Réduire les excédents, faire de nouvelles dettes

La liste des mesures cantonales est longue et très variée (l’USS a compilé une vue d’ensemble régulièrement mise à jour de toutes ces mesures). Mais compte tenu des défis économiques auxquels nous allons faire face – on s’attend en 2020 à la plus grande crise économique depuis la fin de la Seconde Guerre mondiale –, la plupart de ces dispositions paraissent déjà presque «cosmétiques». Grâce à leur poids économique, les cantons doivent dès lors contribuer à ce que le «choc de la demande» reste autant que possible contenu, après un «choc de l’offre» dû à la fermeture temporaire de pans entiers de l’économie. Il s’agira d’éviter, autant que faire se peut, les pertes de revenus et d’emplois, sinon les comptes cantonaux s’en ressentiront, eux aussi, d’autant plus.

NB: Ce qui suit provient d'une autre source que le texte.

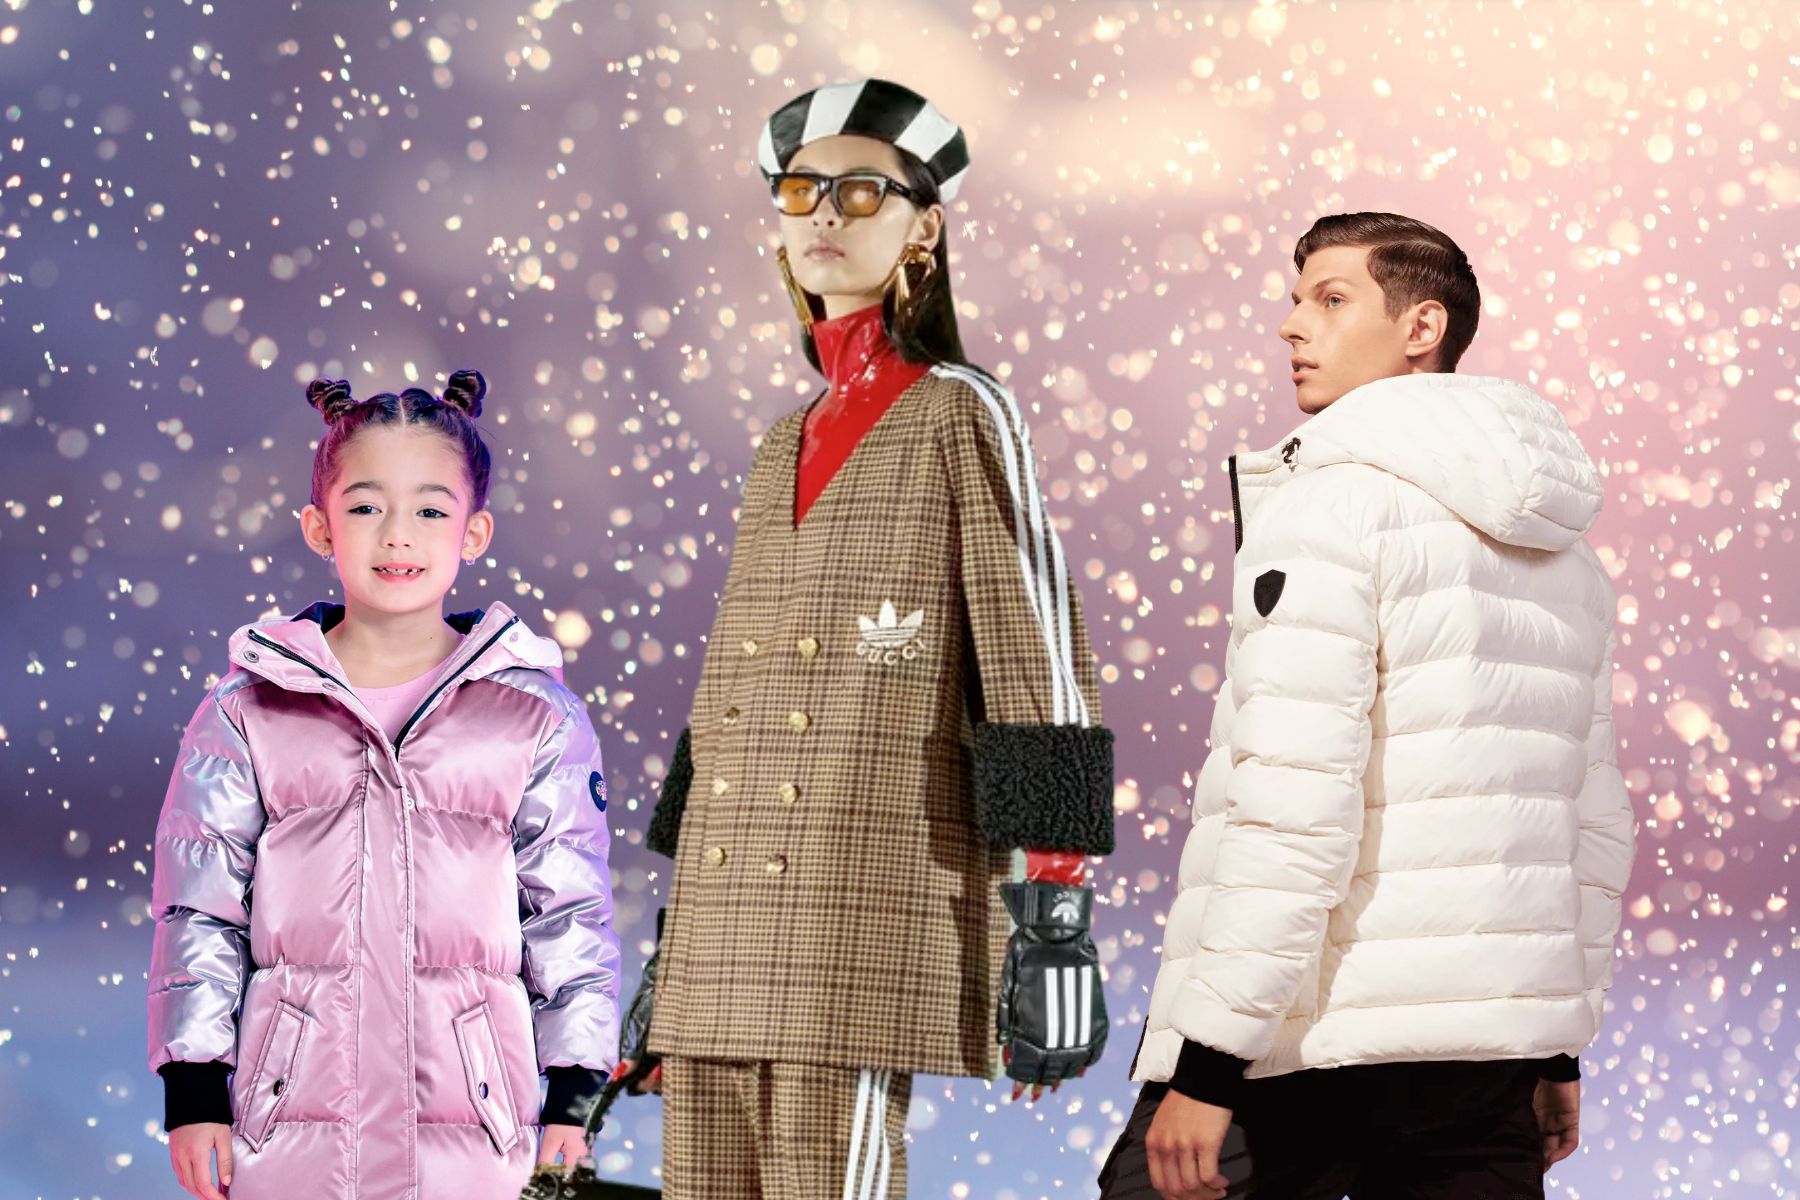 HiSO  Canadian Luxury Winter Coats & Jackets

Pour éviter cet effondrement ou le contenir, les cantons ne pourront pas juste se contenter de puiser dans les excédents juteux accumulés ces dernières années. Ils devront au contraire mobiliser davantage de moyens et s’endetter tout simplement, comme le fait la Confédération. Avec les taux d’intérêts négatifs – qui semblent perdurer pour un moment encore –, on peut partir du principe que les cantons gagneraient même à faire des emprunts! De plus, le taux d’endettement en Suisse est très largement en deçà des règles de l’Union européenne en la matière, soit les critères de Maastricht (la dette publique ne doit pas dépasser 60% de la performance économique), qui sont eux-mêmes lettre morte depuis belle lurette. Aux cantons maintenant de prendre leurs responsabilités et d’agir sans tarder.